In another aspect of the present invention, the limiting portion may include a wall surface extending substantially perpendicular to the axial direction.

In another aspect of the present invention, the bonding material may be located closer to the first edge of the hydrogen separation membrane than the restriction portion.

In another aspect of the present invention, the second support has a first edge on the one side in the axial direction,
The first edge of the second support may be located axially inward of the first edge of the hydrogen separation membrane, and the bonding material may be arranged in a groove-shaped portion formed between the limiting portion and the first edge of the second support.

In another aspect of the present invention, the restriction portion may include a recess that is locally recessed inward from the inner circumferential surface of the hydrogen separation membrane.

By adopting the above-mentioned configuration, the hydrogen separation membrane module of the present invention makes it possible to easily bond the hydrogen separation membrane to the support that supports it.

1 is a front view (partial cross-sectional view) of a hydrogen separation membrane module showing one embodiment of the present invention.

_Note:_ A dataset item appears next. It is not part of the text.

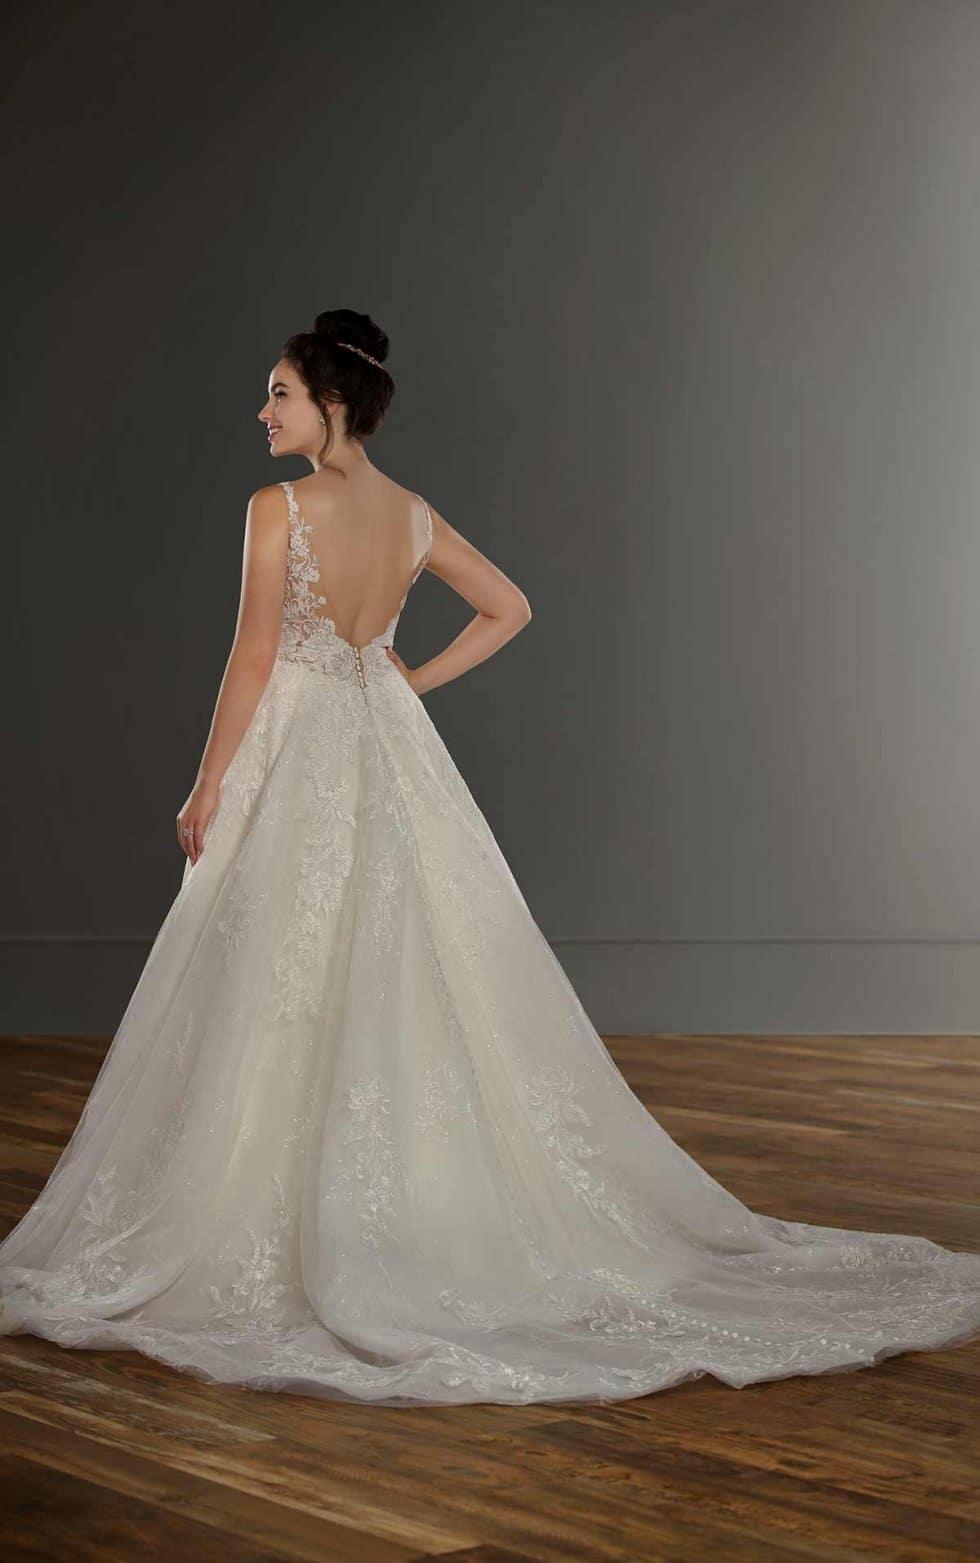 Martina Liana Dresses at Shropshire Country Brides

FIG. FIG. 3 is a diagram showing a state before the bonding material in FIG. 2 is placed. FIG. 2 is an enlarged view of a portion X in FIG. 1 showing another embodiment. FIG. 2 is an enlarged view of a portion X in FIG. 1 showing another embodiment.

Hereinafter, an embodiment of the present invention will be described with reference to the drawings.
In this specification, the same or common elements in a plurality of embodiments are denoted by the same reference numerals, and duplicated explanations are omitted. Furthermore, the specific configurations shown in the embodiments and drawings are for the purpose of understanding the contents of the present invention, and the present invention is not limited to the specific configurations shown in the drawings.

Figure 1 shows a front view (partial cross-sectional view) of a hydrogen separation membrane module 1 according to one embodiment of the present invention. Figure 2 shows an enlarged view of part X in Figure 1. As shown in Figures 1 and 2, the hydrogen separation membrane module 1 of this embodiment is a device or part used to extract hydrogen gas from a mixed gas containing hydrogen. The hydrogen separation membrane module 1 of this embodiment is formed in a cylindrical shape having a first end 1A and a second end 1B on the opposite side. In the hydrogen separation membrane module 1 of this embodiment, a mixed gas containing hydrogen gas is supplied from the first end 1A (arrow IN), and the second end 1B side is closed by a cap member not shown.

[Overall configuration of hydrogen separation membrane module]
1 and 2, the hydrogen separation membrane module 1 includes a first support 2 and a hydrogen separation membrane 3 superimposed on the first support 2. The hydrogen separation membrane module 1 of this embodiment further includes, as optional elements, a protective member 4 superimposed on the hydrogen separation membrane 3, and a second support 5 superimposed thereon. Each element will be described below.

[First Support]
The first support 2 is cylindrical and extends in the axial direction A, and both ends thereof respectively constitute the first end 1A and the second end 1B of the hydrogen separation membrane module 1. The first support 2 in this embodiment is cylindrical and defines a hollow portion i therein. In other embodiments, the first support 2 may be prismatic or the like. The direction perpendicular to the axial direction A may be referred to as the "radial direction."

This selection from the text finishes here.